Никого нет поблизости, в необитаемый закоулок загнана машина, но такая, должно быть, уж выработалась привычка у «делового мужика» Ивана Терентьевича — воровато оглядываться…


…И снова мчится машина. Мелькают домишки.

Внезапно на повороте Иван Терентьевич резко тормозит. Высовываясь из кабины, сердито рявкает:

— Дьявол тебя несет под колеса!

На дороге — Павлик.

— Ослеп, племянничек?

Павлик хочет открыть дверцу, чтобы сесть.

— Куда? — опять рявкает Иван Терентьевич. — Не по пути нам! Я еще не домой — на базу.
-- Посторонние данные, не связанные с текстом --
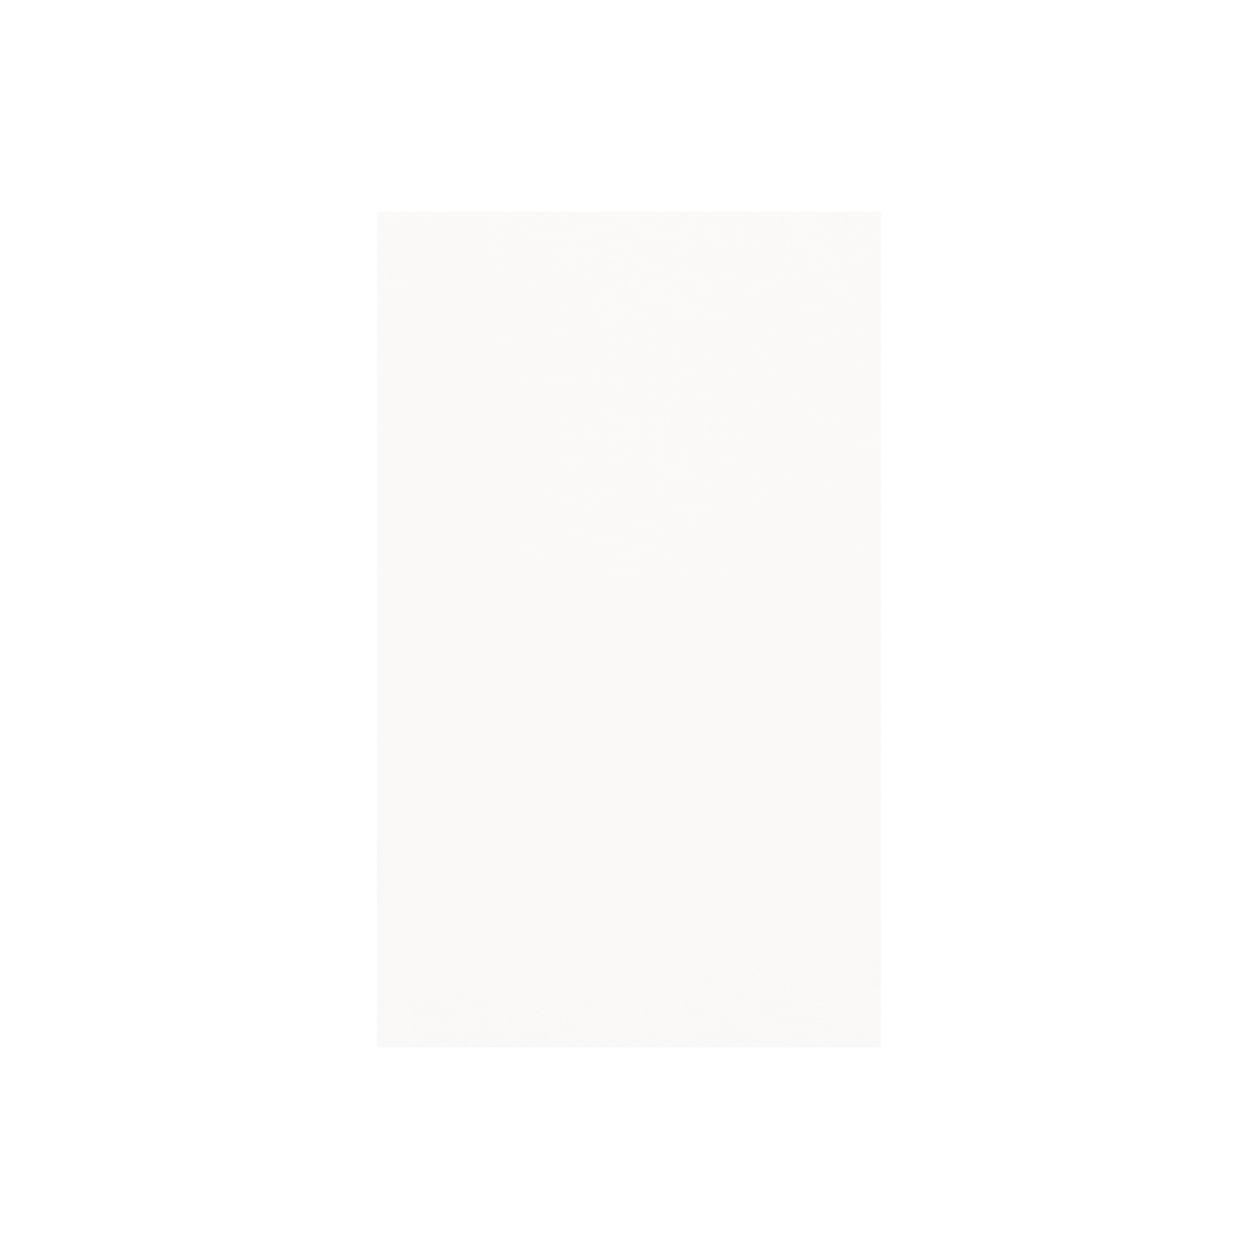 サンプル カード・シート 00495

Он захлопывает дверцу перед самым носом племянника.

И, взвихрив пыль, рывком снявшись с места, начинает вилять кузовом машина, удаляясь от Павлика…
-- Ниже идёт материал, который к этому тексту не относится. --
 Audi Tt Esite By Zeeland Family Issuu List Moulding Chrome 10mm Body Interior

Но ни к какой не к базе, а к собственному домику с верандой, к самой калитке подкатил Иван Терентьевич.

Опрометью кинулась навстречу мужу Авдотья Мироновна — ждала, как видно, с нетерпением. Иван Терентьевич запрыгнул в кузов, начал подавать оттуда, все так же озираясь, тяжелые связки. Переваливаясь с ноги на ногу, поволокла их грузная Авдотья Мироновна через садик в свое логово. А сзади, тоже с добычей в обеих руках, затопал, вдавливая в песчаную дорожку каблучищи сапог, Иван Терентьевич.

…Мир, покой и тишина окружают домик с верандой. Казалось, приходи, отдыхай, наслаждайся жизнью после трудового дня. Кажется, даже автомашина, честно набегавшаяся за день, отдыхает у калитки, оставленная людьми.
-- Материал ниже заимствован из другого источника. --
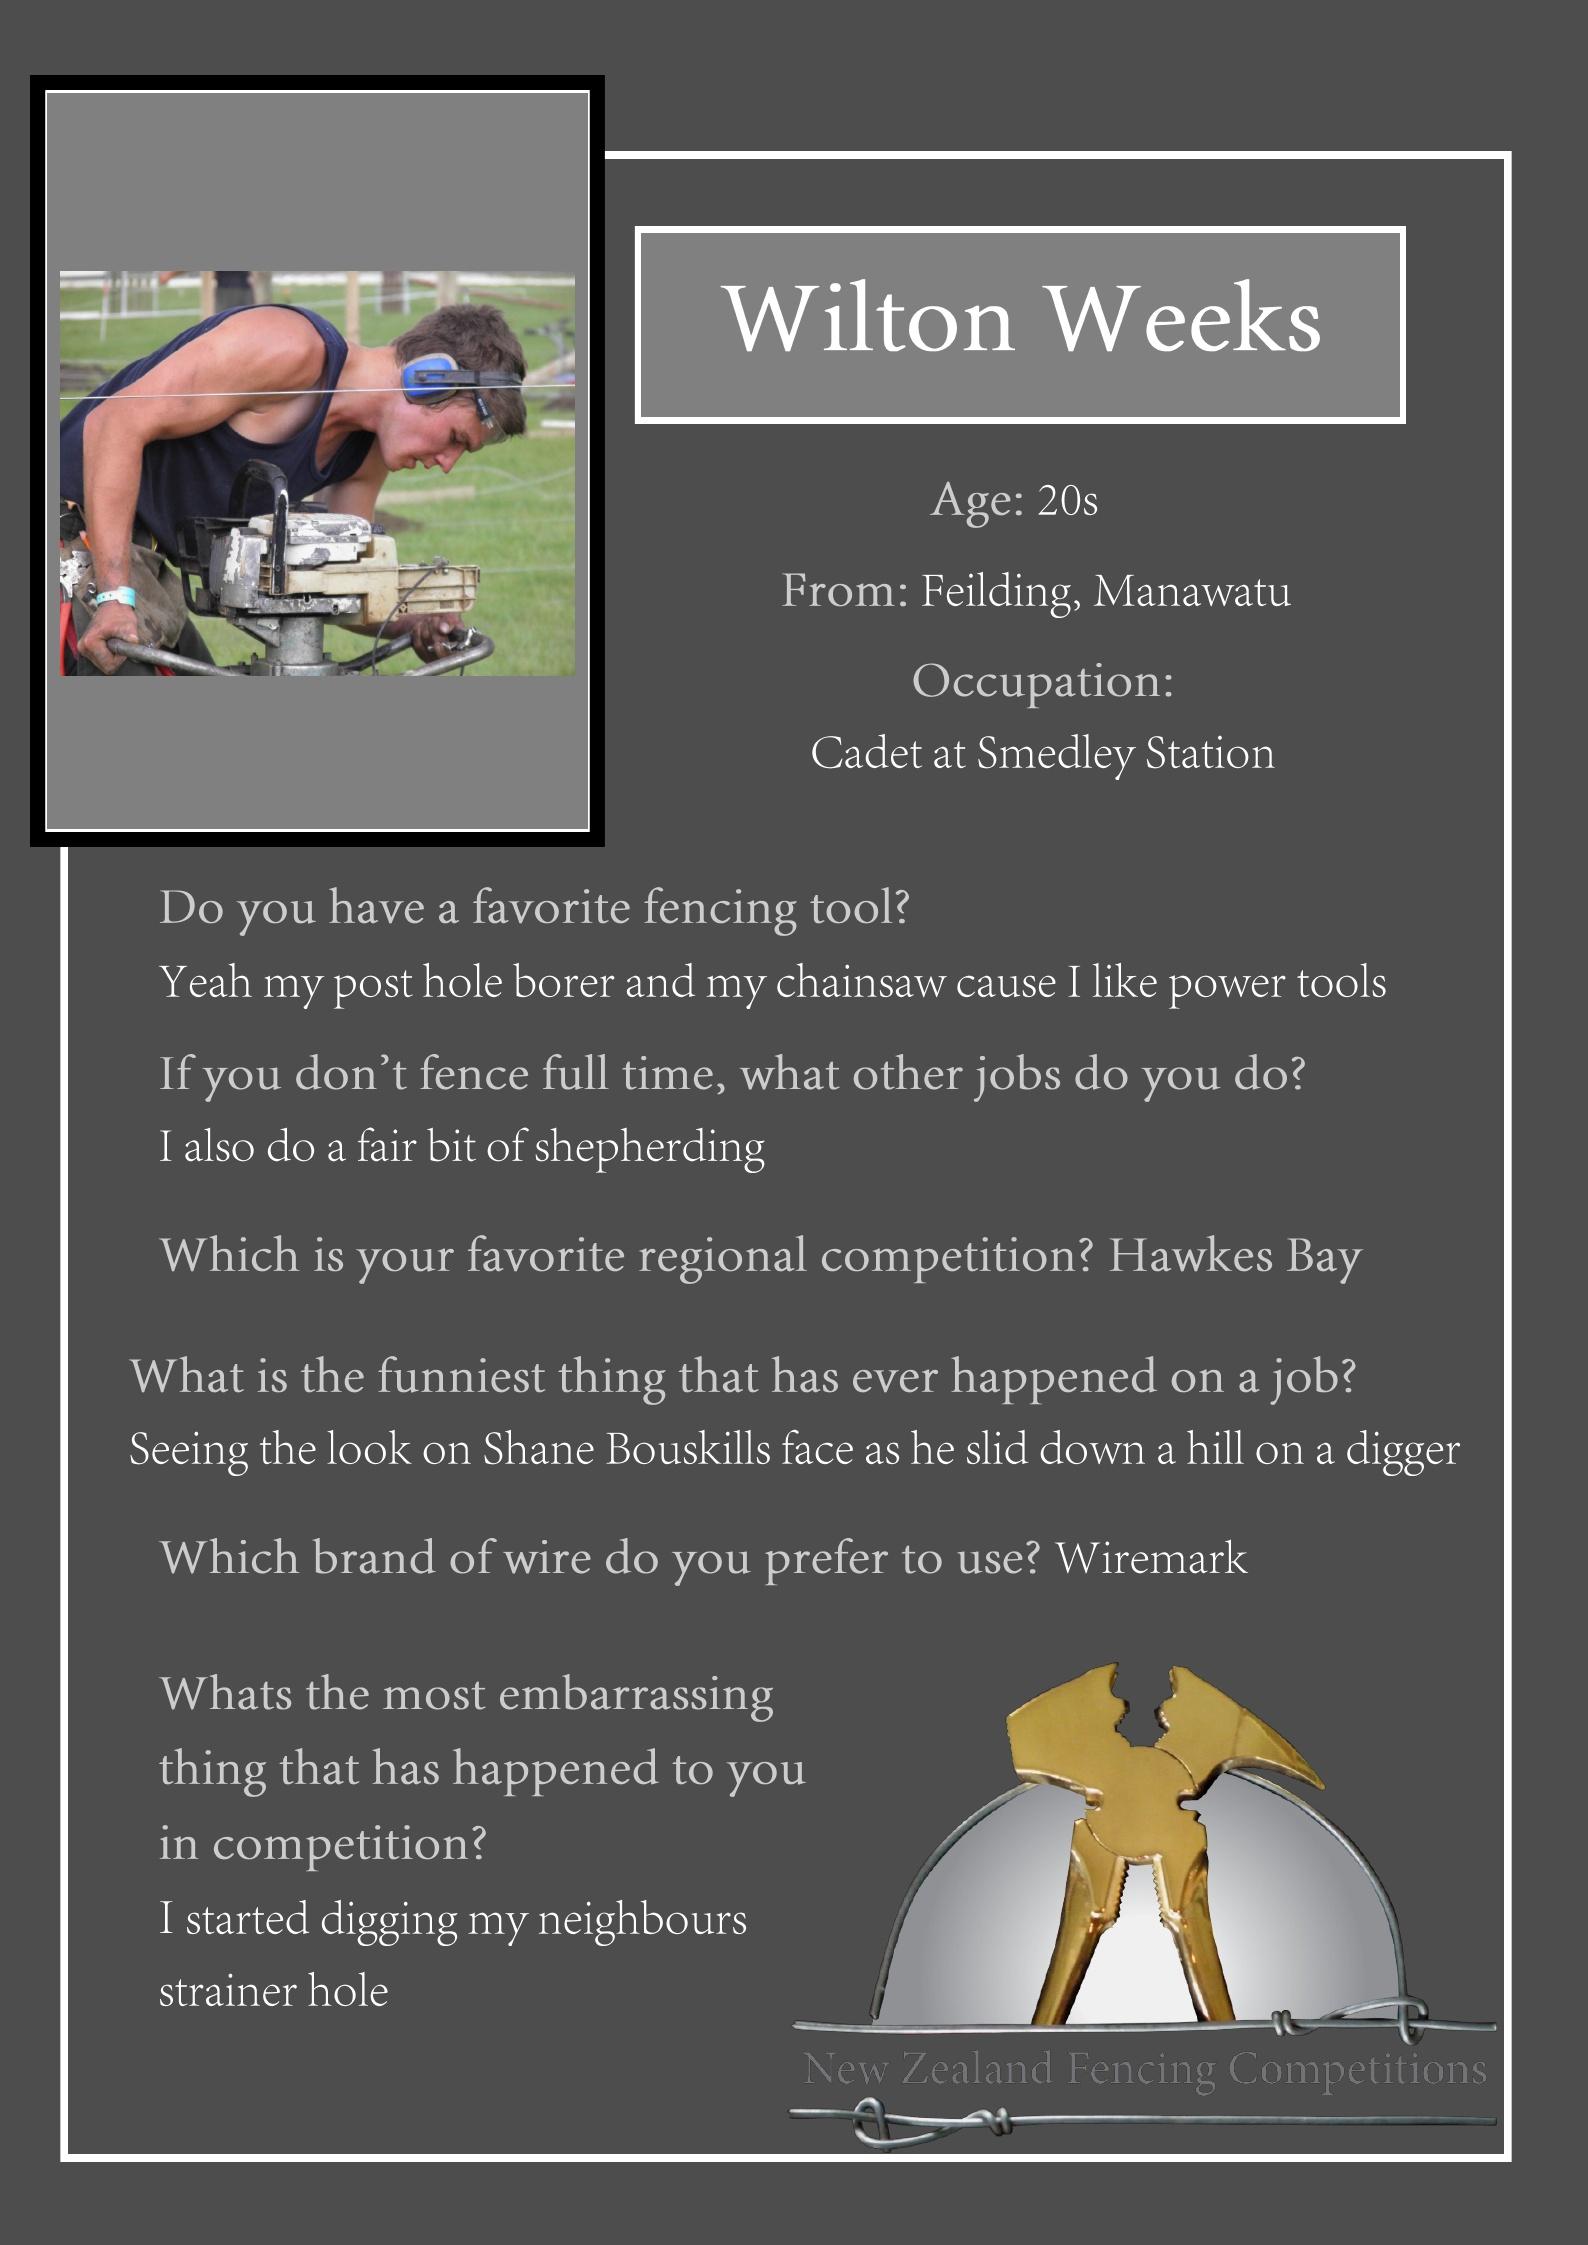 Wilton Weeks

А на самом деле здесь совсем неспокойно. Как кроты, копошатся внутри домика его хозяева… И эта автомашина, железная работяга на четырех колесах, выглядит не так уж мирно и безобидно, когда представишь, что и она тоже невольная соучастница темных делишек своего водителя…

Павлик подходит к дому. Но ему не хочется идти к себе. И он делает шаг к соседней, двери.

…Открыла Надя с Димкой на руках. Павлик переступил порог и сразу впился взглядом в сиреневое платье, висящее на стенке шкафа. Внизу, на полу, стоит Дашин чемодан.

— Садись, — предложила Надя.

— Я на минутку. Сказать. Сашка еще там. А мне вот сочинение. Потому я…

Ну, что бы взять да просто так и спросить: «А где Даша?» И вынуть из кармана розовую бумажку — билеты в кино: «Купил вот на последний сеанс… Где же она?»

Но самые обычные слова почему-то никак сейчас не выговариваются, и глаза не оторвать от сиреневого платья…

На веранде протопали сапожищи Ивана Терентьевича. Заурчала за деревьями машина, по звуку слышно — снялась с места.

Павлик еще раз взглянул на сиреневое платье.

— Ладно, пойду.

Он вышел из комнаты Бобровых. И с налету в сенцах задел за что-то громоздкое, больно ушиб ногу, чуть не упал.

Толкнув дверь в кухню, пригляделся: в желтой полосе электрического света увидел сложенные в сторонке пузатые тючки. Грубая оберточная бумага на одном из них прорвалась, под нею поблескивали новенькие жестяные банки с фабричной наклейкой: «Цинковые белила».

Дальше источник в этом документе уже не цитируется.